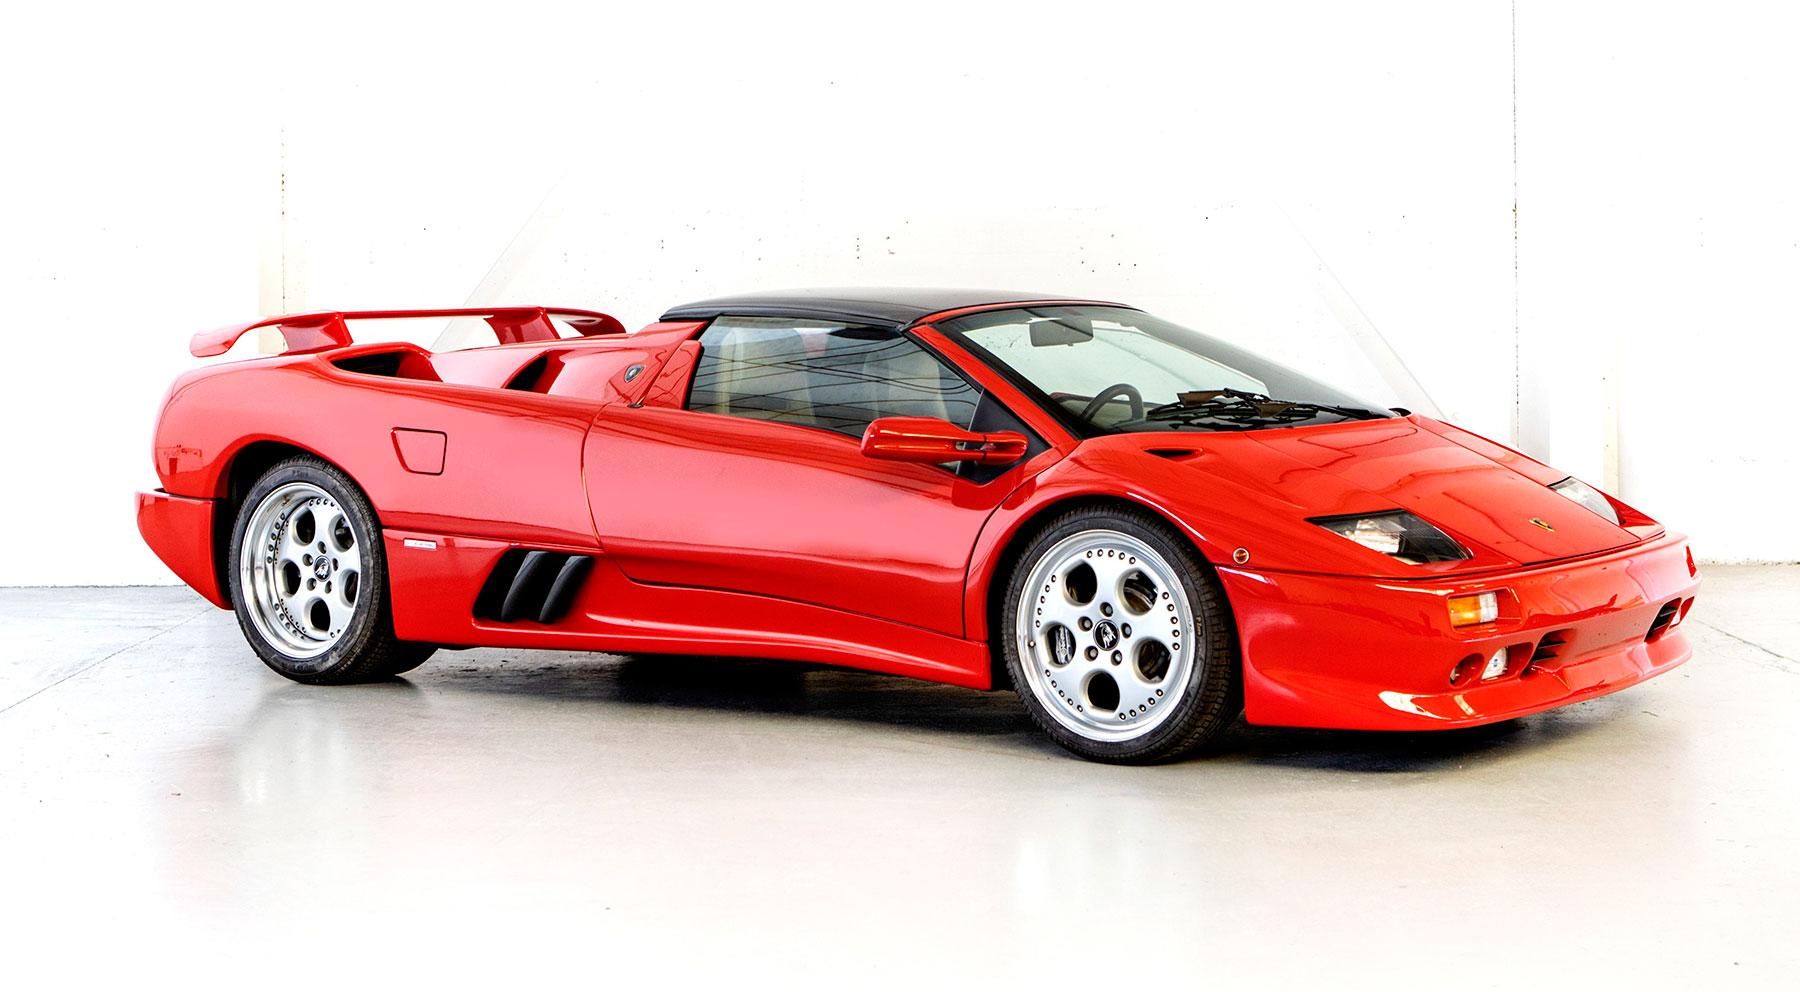 Lamborghini Diablo VT Roadster // 200.348 euros
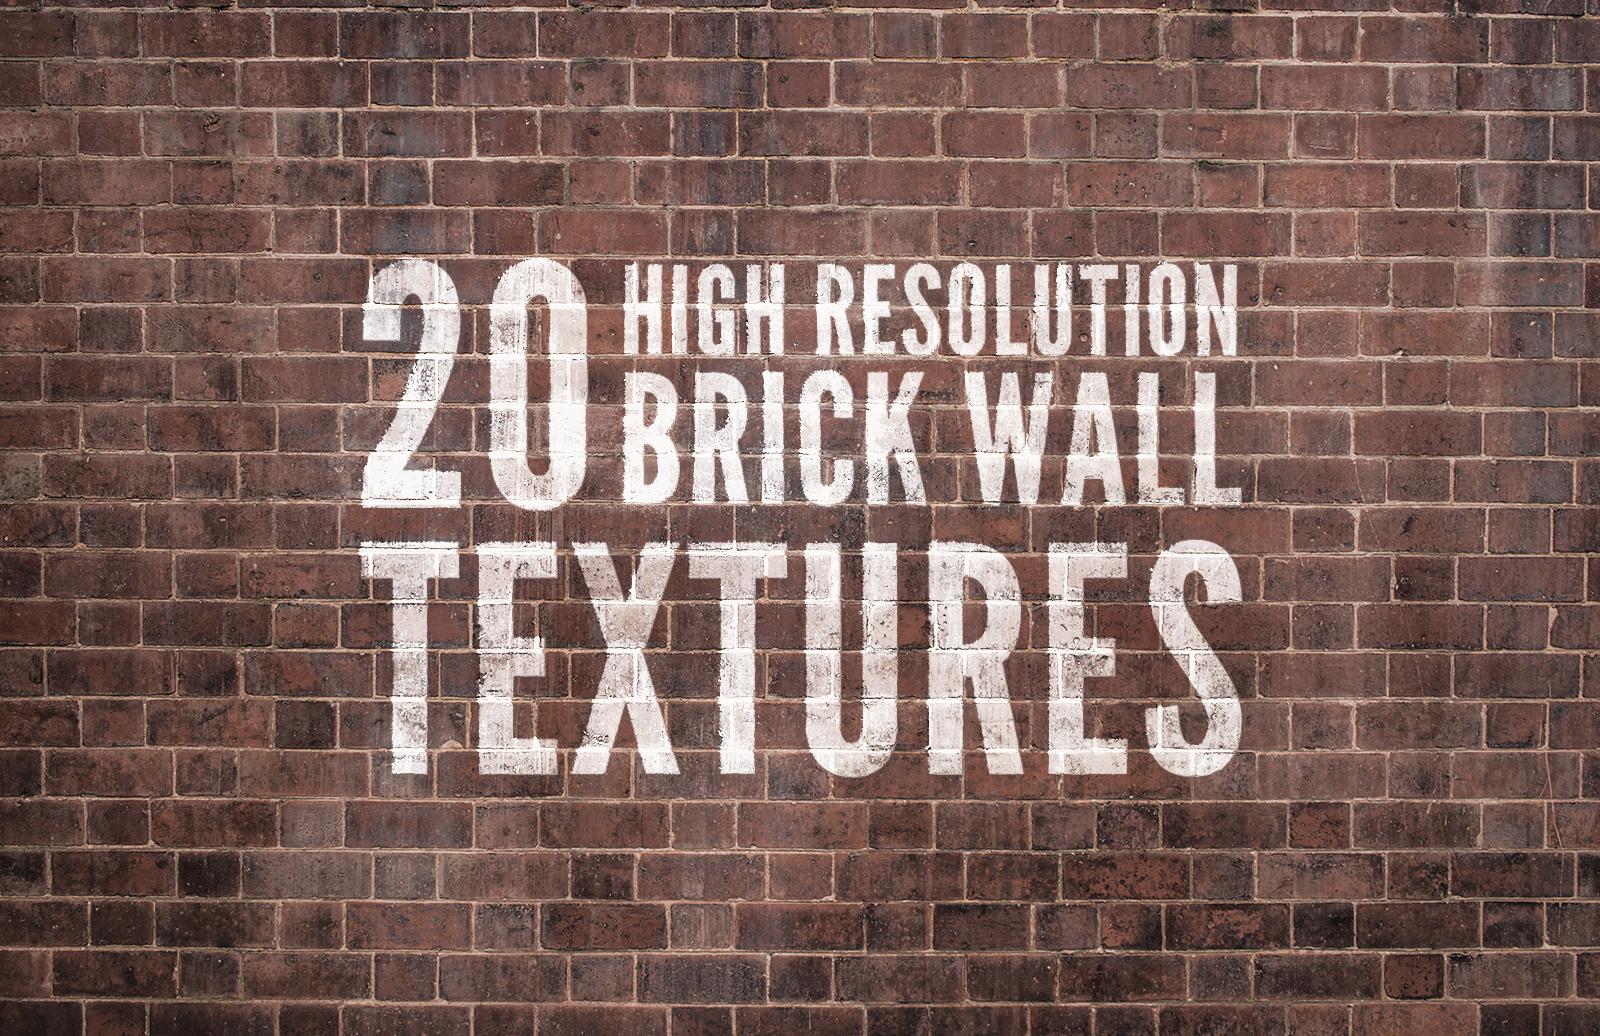 20 High Resolution Brick Wall Textures
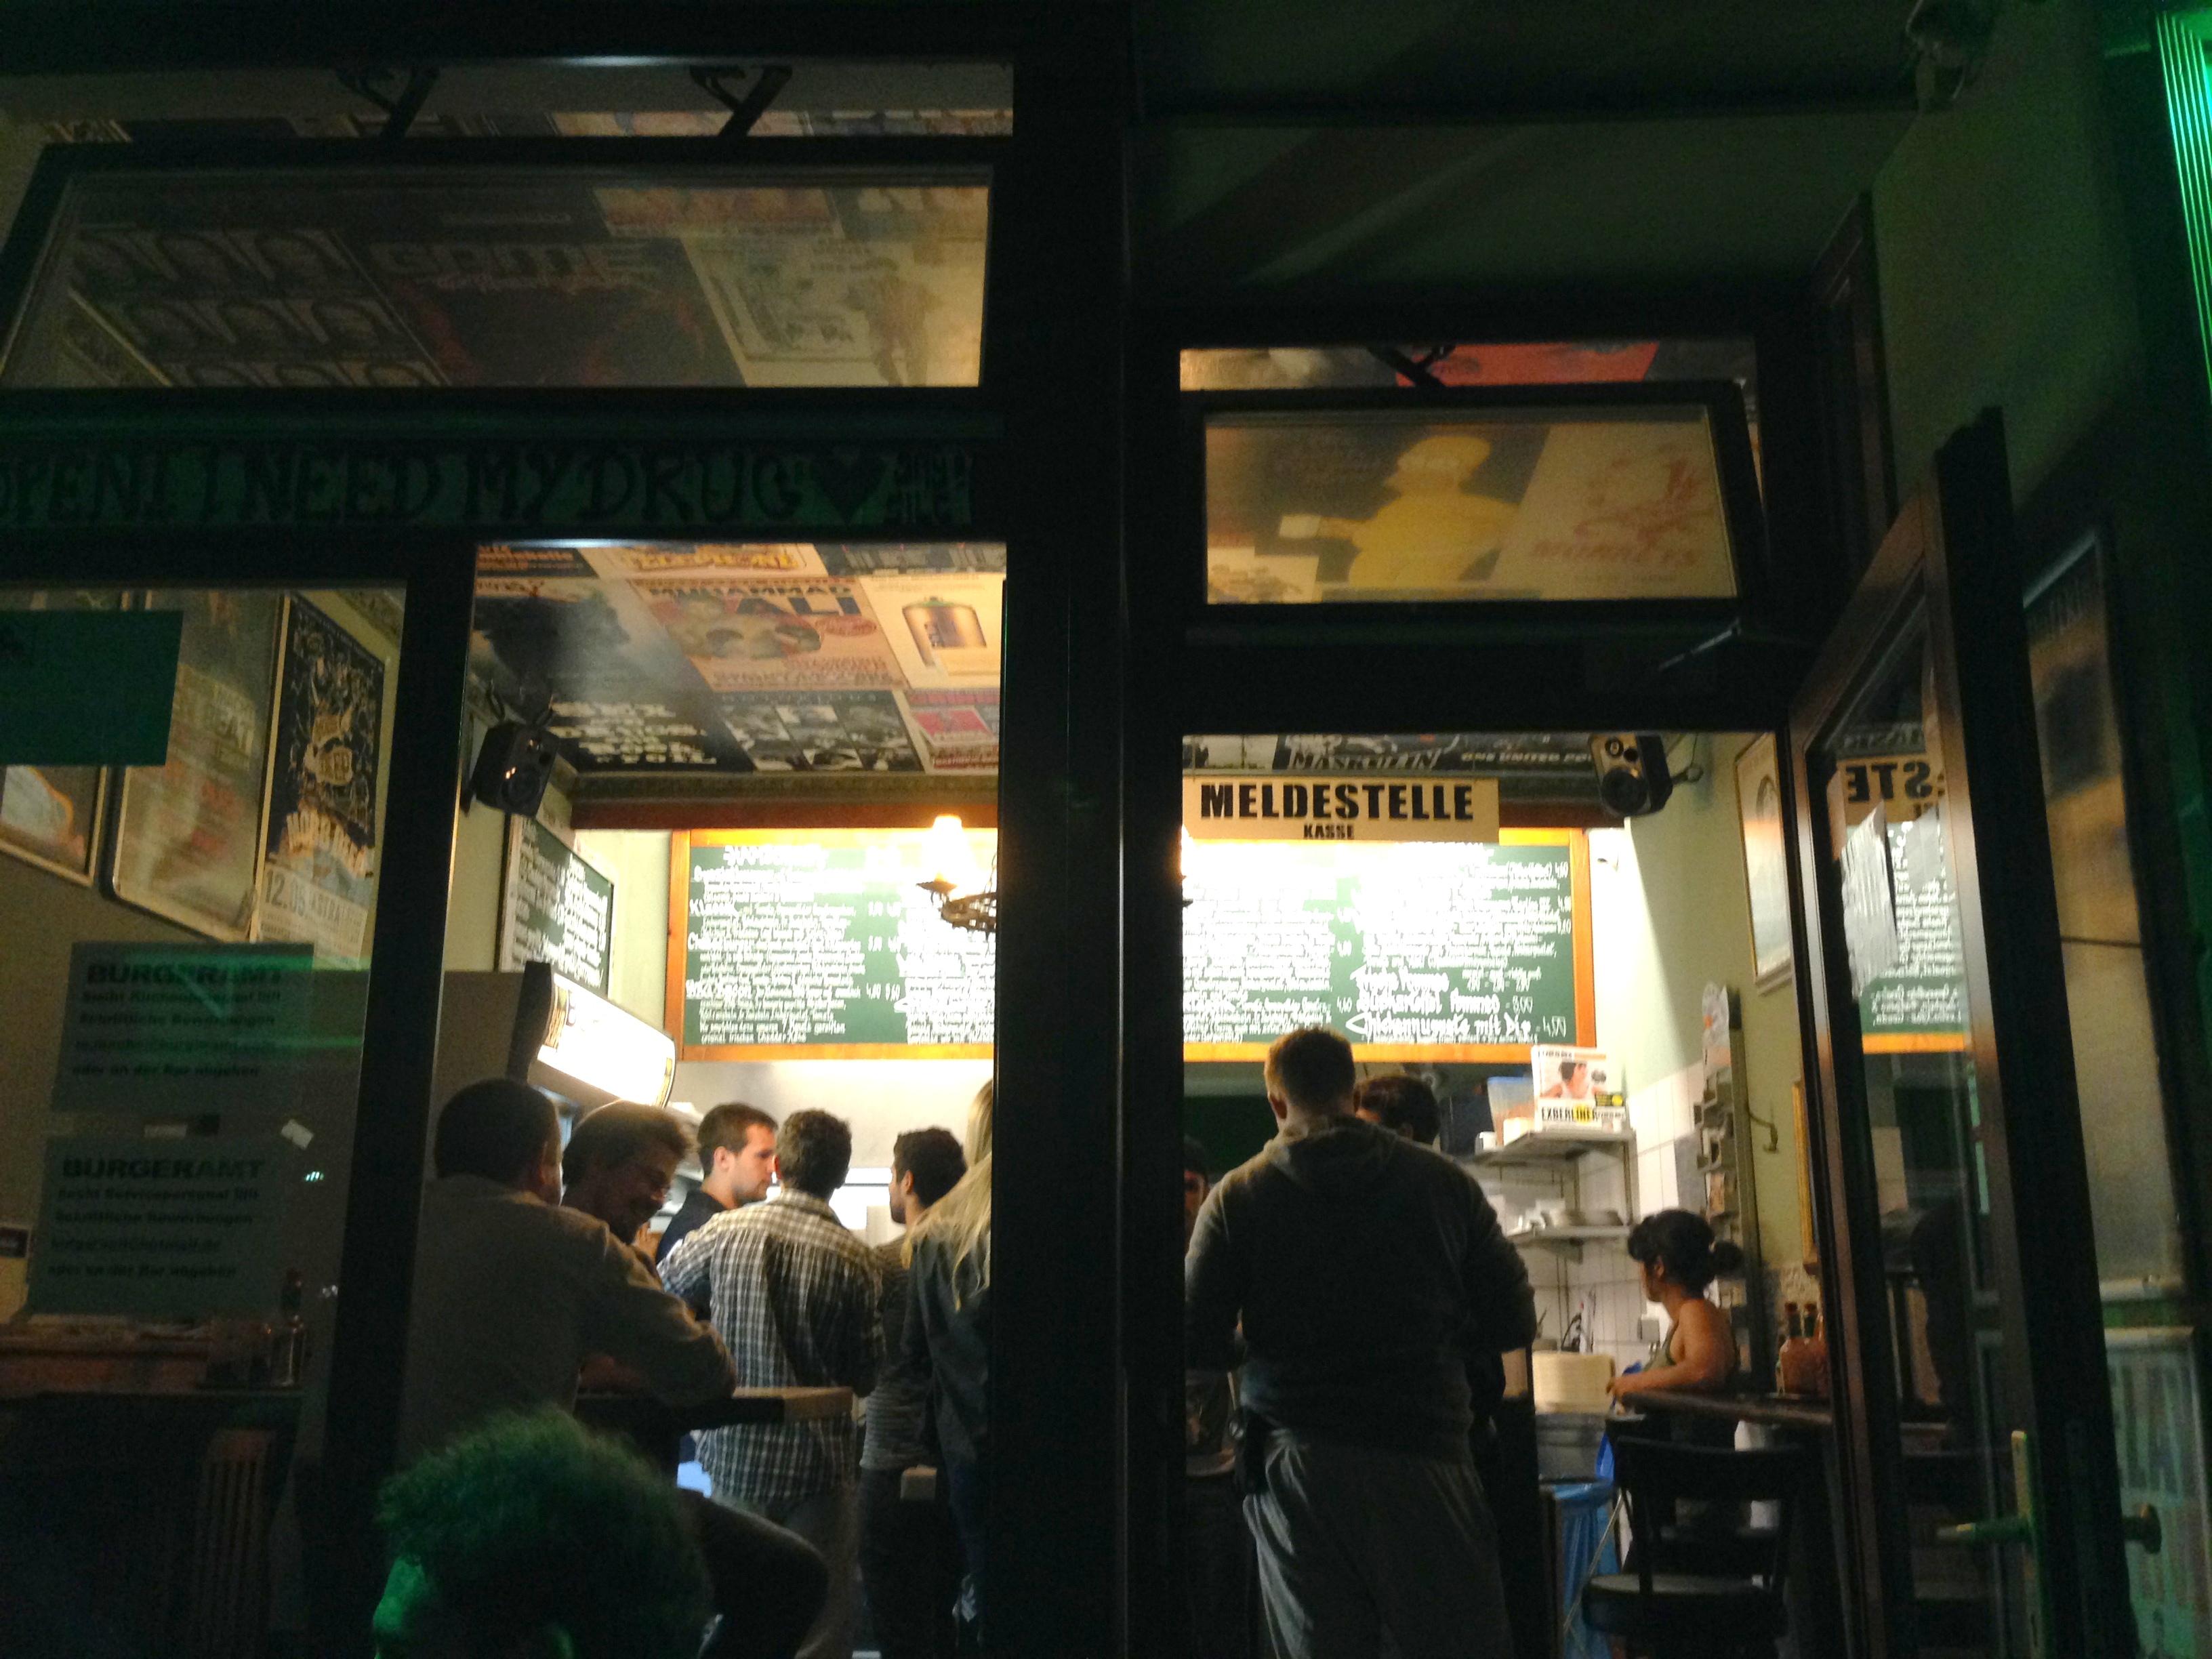 burgeramt-burgerimbiss-berlin-friedrichshain | berlin ick liebe dir

THE TASK: Could the data above be copied out exactly, with no pictures kept?

RESPONSE BOX:
 Lamborghini Diablo VT Roadster // 200.348 euros
 20 High Resolution Brick Wall Textures
 burgeramt-burgerimbiss-berlin-friedrichshain | berlin ick liebe dir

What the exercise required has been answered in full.